No Rio Grande do Sul a enfermidade é citada pela primeira vez em 1905, pelo Dr. Carlos E.
Hardegger em sua tese "Contribuição aos Estudos do Kysto hidático no Rio Grande do Sul", onde
registra um caso de morte por choque anafilático, em um menino italiano de 12 anos, acometido
de cisto hidático do pulmão, necropsiado pelos Drs. Olinto de Oliveira, Fernando Abbot e José
Carlos Ferreira.
Em 1908 o Barão Dr. Von Bassewitz demonstrou através da necropsia que 40% dos cães da
cidade de Santa Vitória do palmar, no extremo sul do Rio Grande do Sul, estavam infestados,
ocasião em que encontrou sete casos de enfermidade humana, o que representava a alta
proporção de um caso para cada 1.800 habitantes.

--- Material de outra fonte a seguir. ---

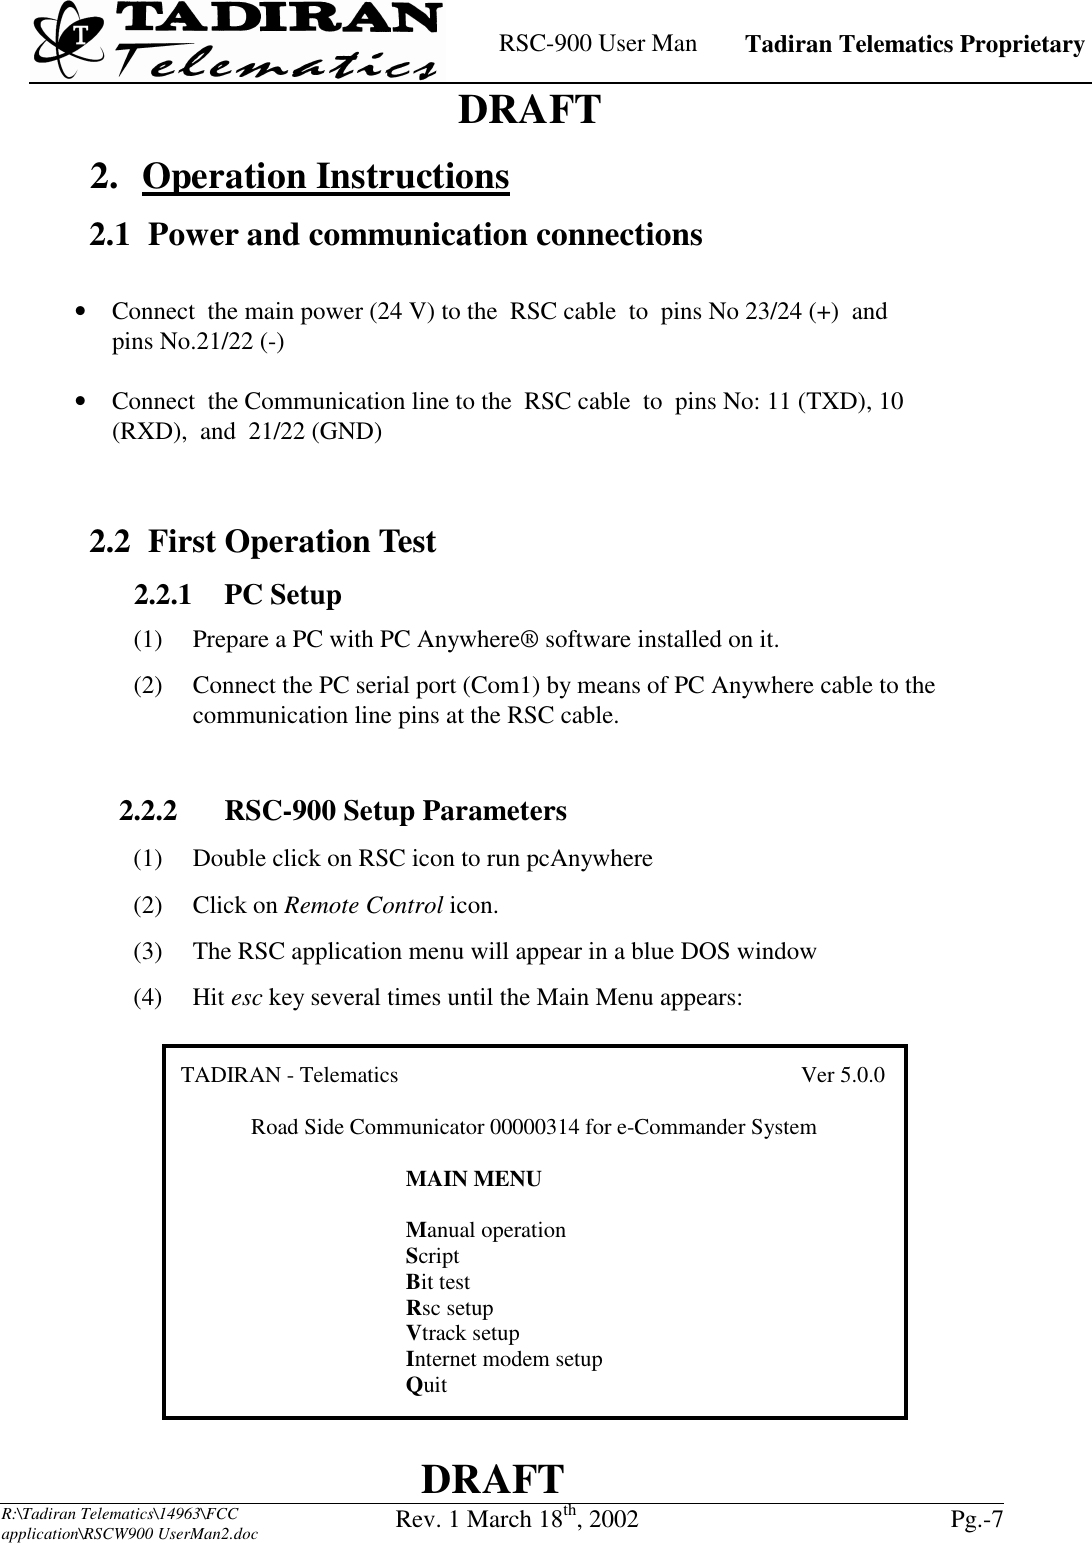    RSC-900 User Man   Tadiran Telematics Proprietary    DRAFT  DRAFT  R:\Tadiran Telematics\14963\FCC application\RSCW900 UserMan2.doc Rev. 1 March 18th, 2002  Pg.-7   2. Operation Instructions 2.1  Power and communication connections  •  Connect  the main power (24 V) to the  RSC cable  to  pins No 23/24 (+)  and  pins No.21/22 (-)  •  Connect  the Communication line to the  RSC cable  to  pins No: 11 (TXD), 10 (RXD),  and  21/22 (GND)   2.2 First Operation Test 2.2.1   PC  Setup (1)  Prepare a PC with PC Anywhere® software installed on it. (2)  Connect the PC serial port (Com1) by means of PC Anywhere cable to the communication line pins at the RSC cable.  2.2.2    RSC-900 Setup Parameters (1)  Double click on RSC icon to run pcAnywhere (2) Click on Remote Control icon. (3)  The RSC application menu will appear in a blue DOS window (4) Hit esc key several times until the Main Menu appears: TADIRAN - Telematics                                        Ver 5.0.0Road Side Communicator 00000314 for e-Commander SystemMAIN MENUManual operationScriptBit testRsc setupVtrack setupInternet modem setupQuit
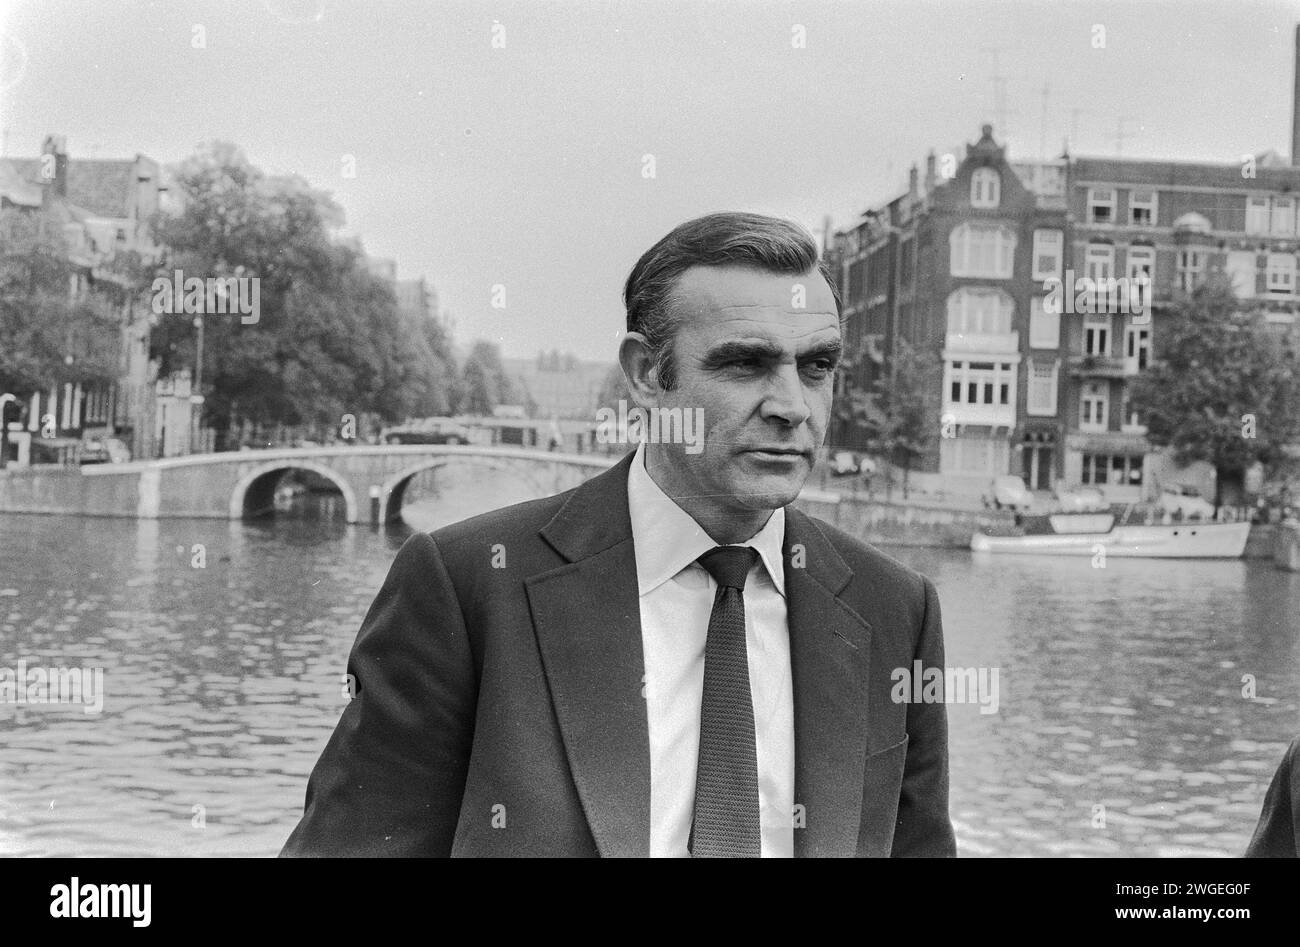 July 3, 1971. Amsterdam, Netherlands. Shooting in Amsterdam for the James Bond film 'Diamonds are Forever', Sean Connery by the Amstel river Stock Photo

Os estudos de Bassewitz informavam também que 95% dos ovinos, 75% dos suínos e 25% dos
bovinos estavam infestados.
Outros estudiosos da zoonose no Rio Grande do Sul foram os Drs. Hugo Brusque, Pedro Pereira,
Mário Meneghetti, Cezar Pinto e Jaime Luís de Almeida.
ETIOLOGIA
A "Tênia Equinococo" do grupo de cestódeos, em seu ciclo de desenvolvimento
alcança 4 a 8 mm de comprimento, estando dividida em cabeça ou escólex, a coluna e
a cadeia ou estróbilo, que é formada de três a cinco anéis ou proglótides. Na cabeça
existe uma dupla coroa de ganchos e quatro ventosas com as quais ela se fixa no
intestino delgado do cão, onde atinge sua etapa adulta ao término de dois meses (Fig.
1).
Alcançada essa fase, o último anel da cadeia, que por um processo de autofecundação se
enche de ovos ou oncosferas, desprende-se dos demais sendo evacuado para o exterior
com as matérias fecais do cão e imediatamente substituído pelo penúltimo anel que se
autofecunda, enchendo-se também de ovos.
Este processo se repete várias vezes durante a vida do parasito, que tem uma duração de
18 meses.
Um cão parasitado tem possibilidade de albergar em seu intestino mais de 20.000 tênias,
podendo eliminar mais ou menos um milhão de ovos por semana. Estes ovos, sumamente
resistentes podem ter uma sobrevida de um ano.
DESENVOLVIMENTO DO CISTO EM SUA
FORMA VESICULAR
Ao completar o seu desenvolvimento vesicular, apresenta o cisto uma membrana cuticular
ou quitinosa, que o circunda, atapetado por dentro pela membrana germinativa, de onde
nascem as vesículas prolígeras, vesículas filhas, nascidas de escóleces e produzindo
escóleces, a capa germinativa estéril com vesículas filhas estéreis (acefalocistos), vesículas
prolígeras que se rompem libertando escóceles e ainda vesiculação exógena (Fig. 2).
O cisto está cheio de líquido "claro como água de rocha".
Envolvendo totalmente o cisto está a adventícia que não é parte integrante do cisto, estando
constituída por tecido fibro-conjuntivo do órgão parasitado. A forma típica de vesiculação
hidática humana é a do cisto univesicular fértil.